Manüplasyon her biçimde ve araçla devam etmektedir... Suça haklılık nedenleri sıralayarak yapılan, böylelikle şiddeti mazur gösteren çark dönmeye devam ediyor. TV dizileri de bunun bir parçası. Örneğin ‘Çukur’ dizisinde de benzer sekanslar vardır -çatışma başlarken/şiddet içeren sahnelerde dans eden adam- Bu sahnelerden dizi izleyicilerinin haz duymadığını kim iddia edebilir? Mahalleyi ve mahalleliyi dış müdahalelerden koruyan, ama kendilerine mafya demeyen, gerektiğinde adam öldürmekte gözünü kırpmayan bir aile ve onlara destek veren mahalleli gençler... Şiddetin veriliş biçimi özellikle abartılı ve zaman zaman ironik bir yapıya sahip. Bu abartı ve ironi senaristler tarafından belki de diğer şiddet içeren film ya da dizileri sarakaya almaktır, bilemem. Öyle de olsa bu estetik anlayış postmodern bir çukurdur. Nerdeee! mahallelerdeki devrimci örgütlenmeler... Burjuva yaşamının entrikalarını anlatan ‘Ufak Tefek Cinayetler’, ya da ‘Söz’, ‘Savaşçı’ gibi dizilerin, insanı/toplumu gerçek yaşamında var olan yozlaşmaya ve şiddete alıştırmadığını kim söyleyebilir?

...Marvin’in çığlıklarını dinlerken, izleyicinin bu kurguyu düşünmek, sahneye tepki vermek ve bu tepkinin üzerine düşünmek için yeterince vakti vardır. Yönetmenin varlığının hissedildiği bu planlanmış ara, izleyiciyi korkaklık ve ikiyüzlülükle suçlar: Burada işkencenin gerçekleşeceğini biliyor olmamıza rağmen, bizi orada kalıp izlemeye zorlayan itki nedir? (Üstelik zavallı Marvin gibi elimiz kolumuz bağlı değildir.) Oradan ayrılmasak da, o korkunç sahneyi izleyemez, ve bakışlarımızı kaçırırız. Ya da gözlerimizi kaçırmamızı sağlayan yönetmen bizimle dalga geçiyordur: “Gerçekten bakmak istiyor musunuz?”

‘Rezervuar Köpekleri’ filmindeki sekansı, Sarah Casey Benyahia; “Suç” adlı kitabında ‘Şiddet İçerikli Filmler ve Etkileri’ bölümünde anlatır.

Tarantino’nun filmini izlemiş olsak ne olur, olmasak ne olur? İçindeyiz zaten, yaşıyoruz.

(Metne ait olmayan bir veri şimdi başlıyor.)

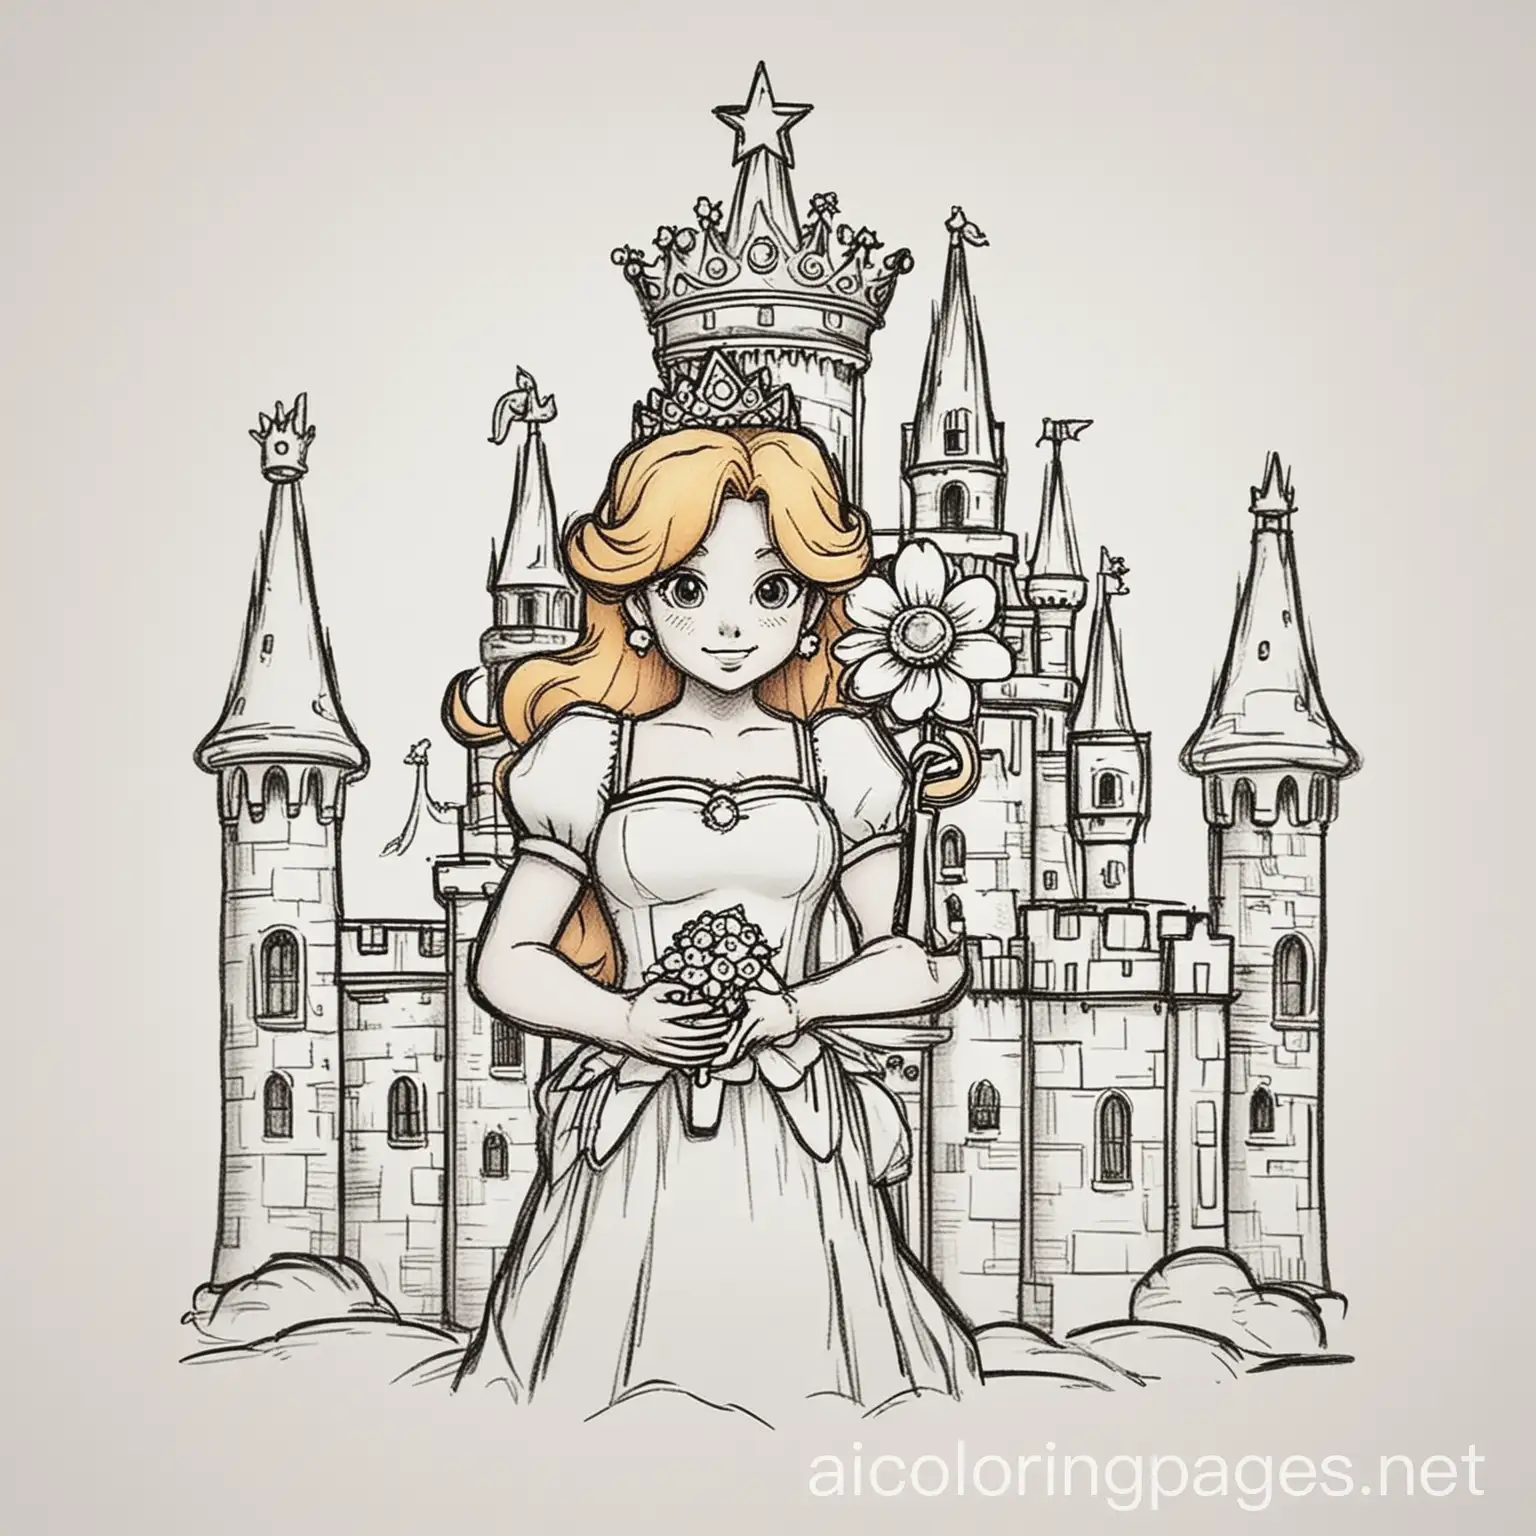 Princess peach’s castle with princess peach, Daisy, and Rosalina. Peach holding a crown, Rosalina holding her magic star, and Daisy holding a daisy flower, Coloring Page, black and white, line art, white background, Simplicity, Ample White Space.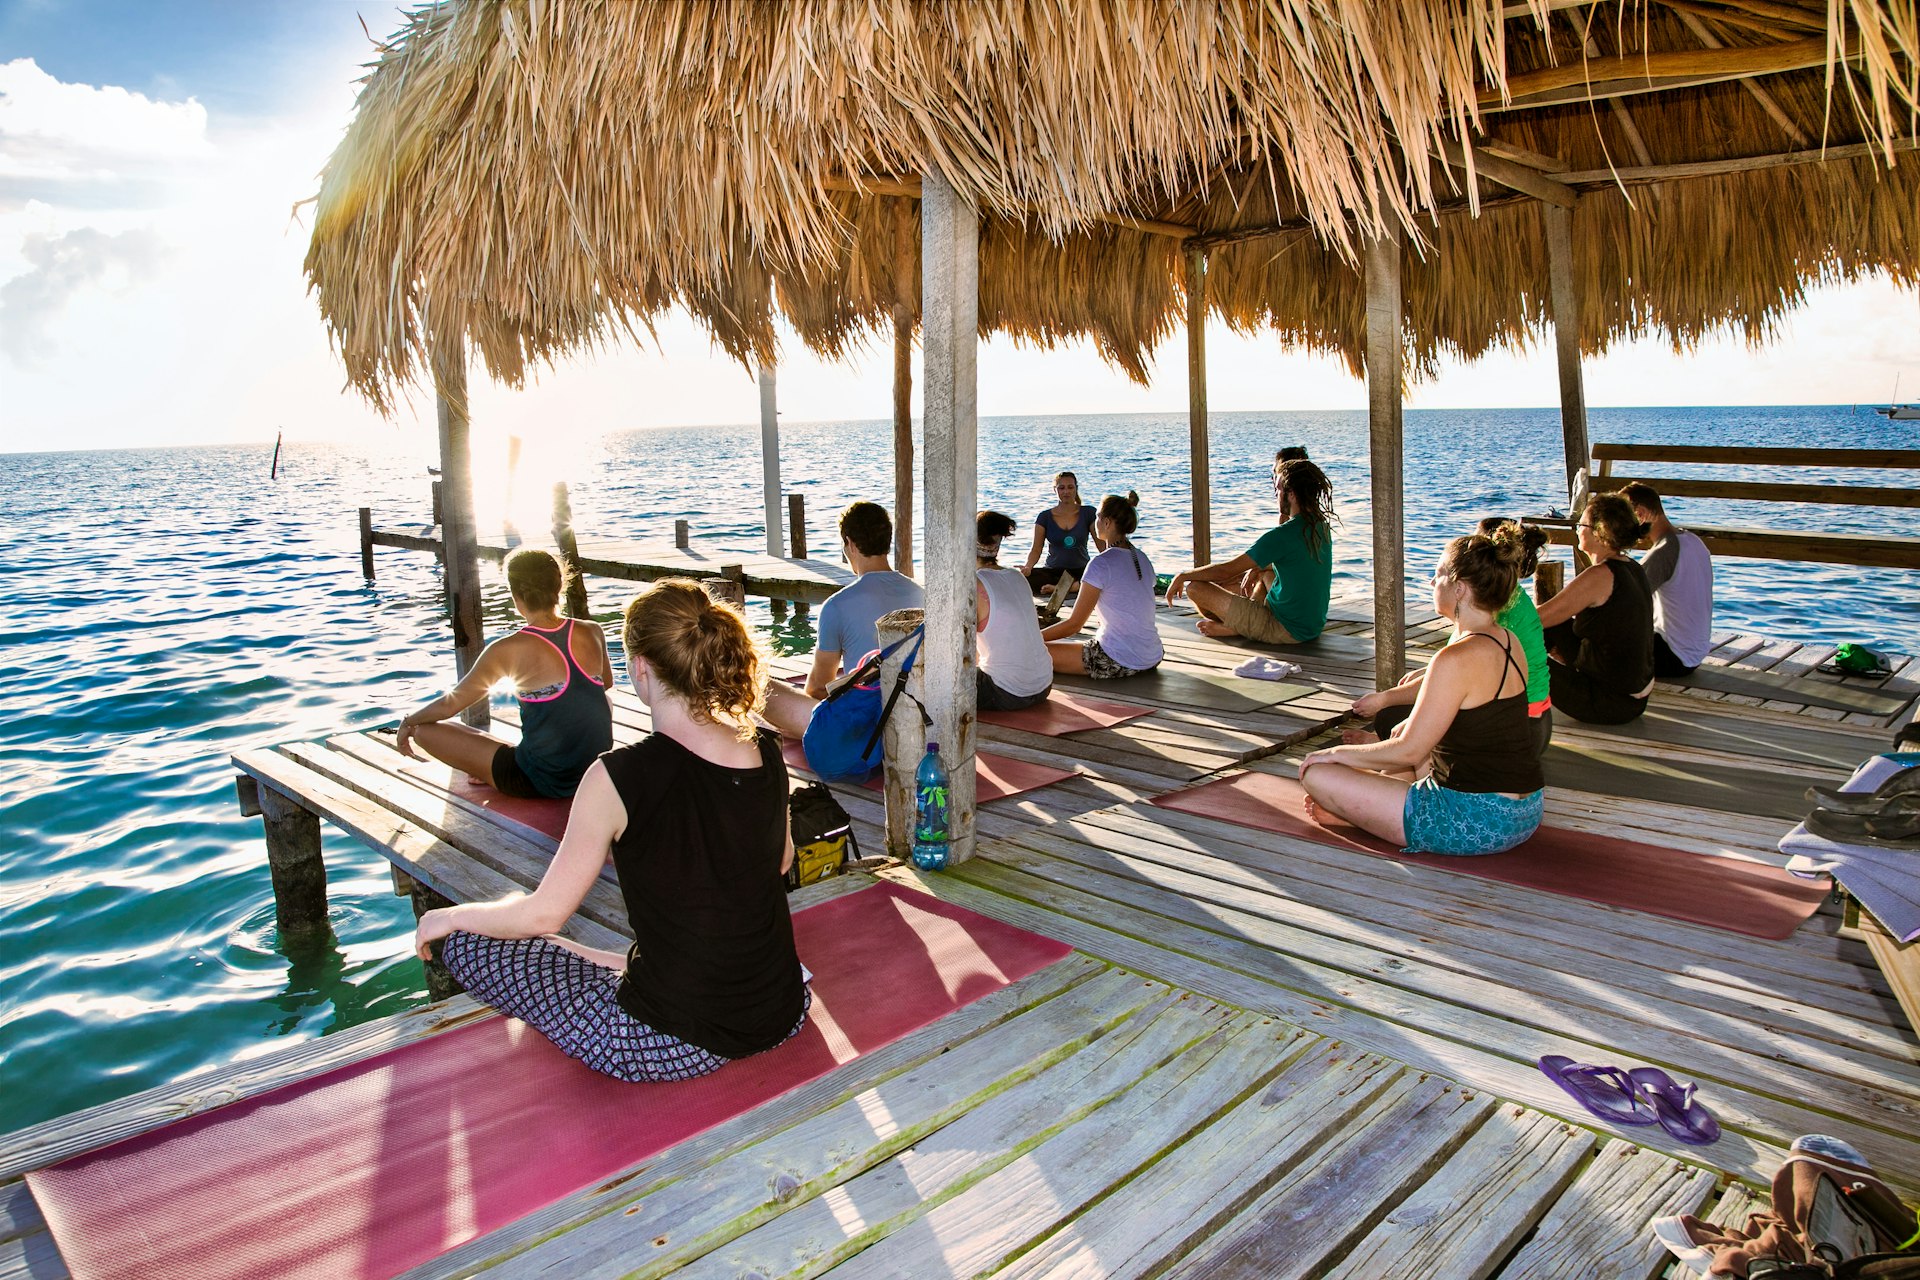 Yoga at dock of Caye Caulker island. Participants perform yoga moves outdoors by the sea.

Suç işleniyor. Suçlu yok! Sokak ortasında kadınlara erkek şiddeti uygulanıyor, direnişçi insanlar üzerine savaş sahnelerini aratmayacak tanklar, tomalar sürülüyor, plastik mermiler atılıyor, üstüne vazife çıkaranlar satırlarla saldırıyor, ve... ve... ve... Yetmiyor diziler devreye giriyor, alıştırıyor, uyutuyor...

İzleyen, işten gelmiş yorgunlukla ayaklarını kanepesine uzatmış dizisini izliyor, İyi de, haz almak da ne oluyor?